Но в депо появилась карикатура: машинист Иван Городилов бежит возле вагонного колеса, на котором написано «миллион», и сует в него палки; над Городиловым, благословляя его, летит некое крылатое создание, которое, пожалуй, вполне сошло бы за ангела, если бы художник не придал ему излишнюю тяжеловесность. Крылатый покровитель Городилова не показывал свое лицо, но по массивной фигуре и деталям прически нетрудно было догадаться, кого имели в виду авторы карикатуры.
В довершение Кряжев и его напарник при открытом содействии Лихошерстнова добились своего: паровоз ФД-20-2647 дал миллион тонно-километров в сутки.
Федор Гаврилович рвал и метал. Он написал докладную начальнику отделения. Инкин позвонил в депо, но ничего не добился — на Лихошерстнова напал приступ глухоты. Тогда начальник отделения созвонился с Ткачуком, и они вместе нагрянули в Крутоярск-второй. Чтобы получше выяснить обстановку, по пути в контору депо завернули в «брехаловку» — помещение нарядчика локомотивных бригад. У нарядчика сосредоточивался учет всей работы локомотивов, здесь выдавались документы на поездку, и здесь всегда толклись машинисты.
От нарядчика прошли к начальнику депо.
Нагнувшись к столу своим непомерно длинным телом и опершись на выдвинутые далеко вперед локти, Петр Яковлевич исподлобья поглядывал на гостей. Стол выглядел рядом с ним удивительно низеньким и маленьким — будто взрослого человека посадили за парту для первоклассников.
Начальник отделения, бритоголовый толстяк в роговых очках, положил на подоконник сверток, который он привез с собой, и окинул взглядом большой неуютный кабинет. Кроме стола, одиноко торчавшего в конце кабинета, расставленных вдоль стен старых, грязных стульев, вешалки, на которой болталась спецовка Лихошерстнова, да сложенных в углу каких-то сработанных деталей, здесь ничего не было.
— Сарай сараем, — сказал Инкин, разводя руками. — Ты бы хоть диванчик, что ли, поставил.
— На кой он нужен-то, — пробурчал начальник депо. — Работяги его своими задами так отполируют — черней кочегарной канавы станет.
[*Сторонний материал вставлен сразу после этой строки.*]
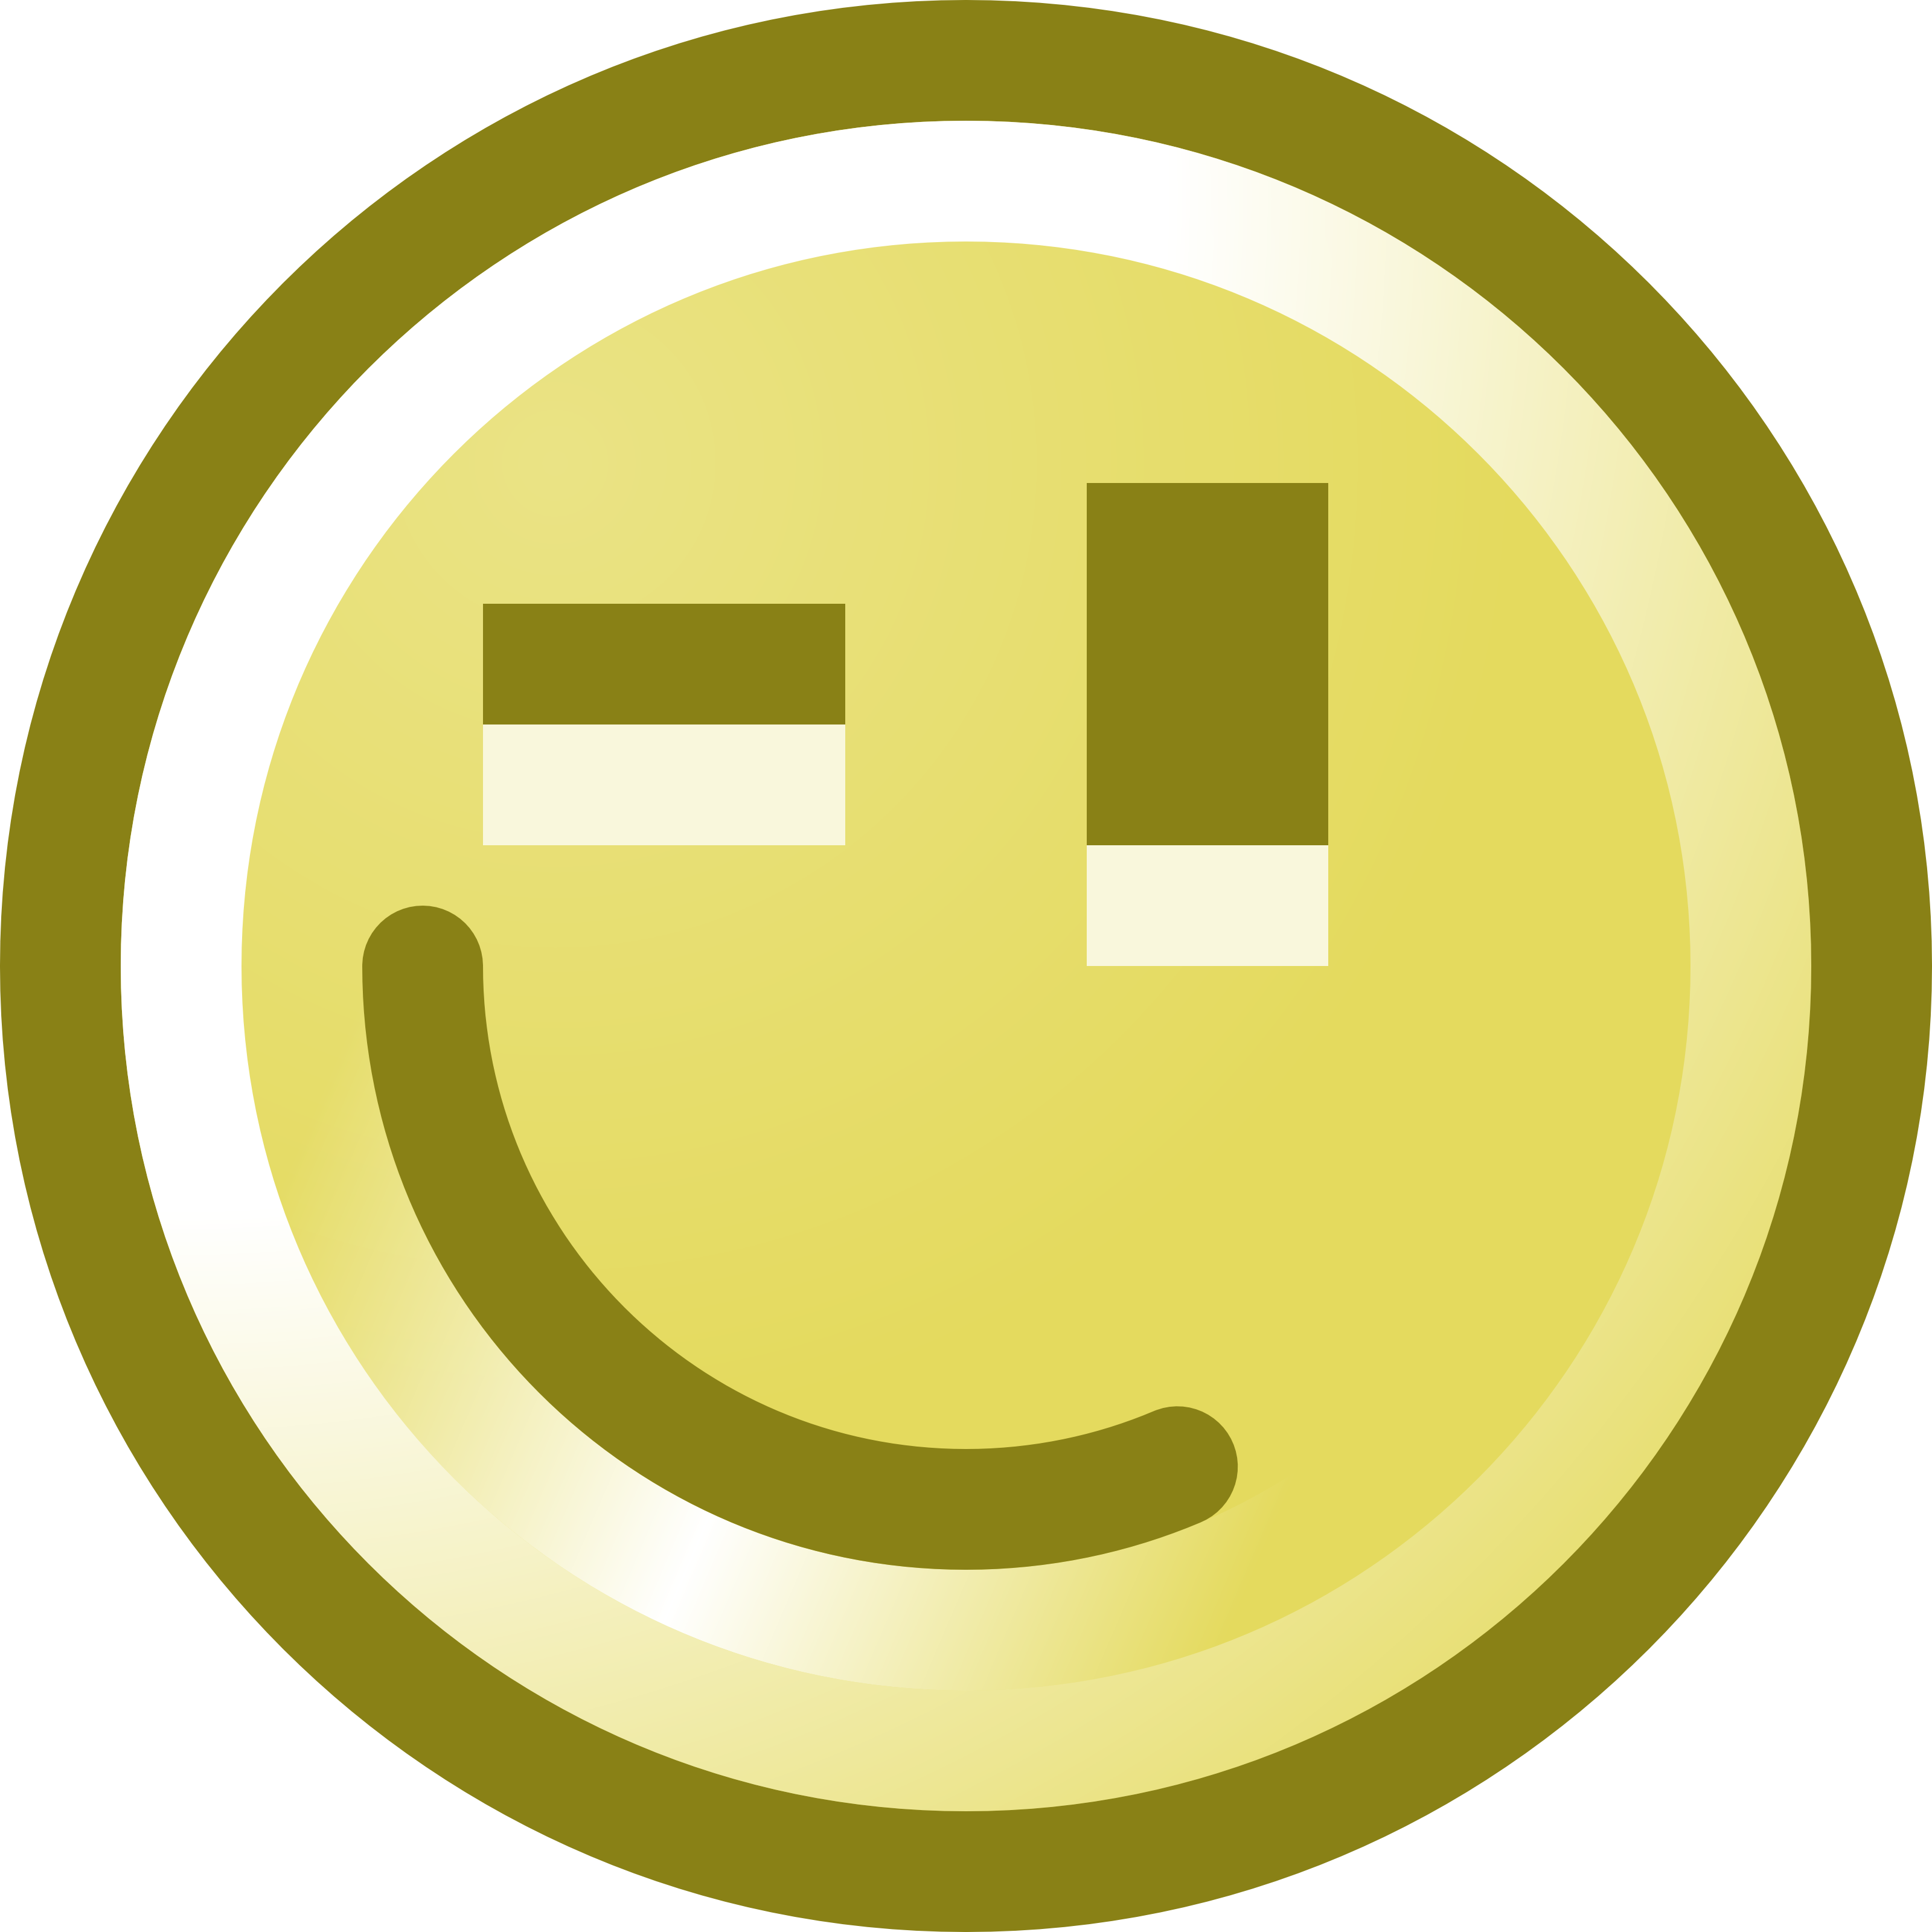 free winking smiley face clip art illustration rh free clipartof com  winking smiley face clip art free

— А ты объявление повесь, — вставил, посмеиваясь, Ткачук, — садиться только в чистых штанах.
Лихошерстнов хохотнул густым рокочущим баском.
— Как это ты на такой роскошный чернильный прибор разорился? — продолжал подзуживать Инкин.
Прибор был новый, но не из дорогих, во всяком случае никак не роскошный. Ткачук прыснул:
— Да он же у него в столе года три нераспакованный пролежал.
— Но-о! — изумился Инкин. — А может быть, его еще прежний начальник депо купил?
Помалкивая и добродушно ухмыляясь, Лихошерстнов снял с чернильного прибора крышечку и принялся крутить ее в своих огромных ручищах. Куцые рукавчики его кителя вздернулись почти до локтей, отчего руки Петра Яковлевича выглядели еще более длинными.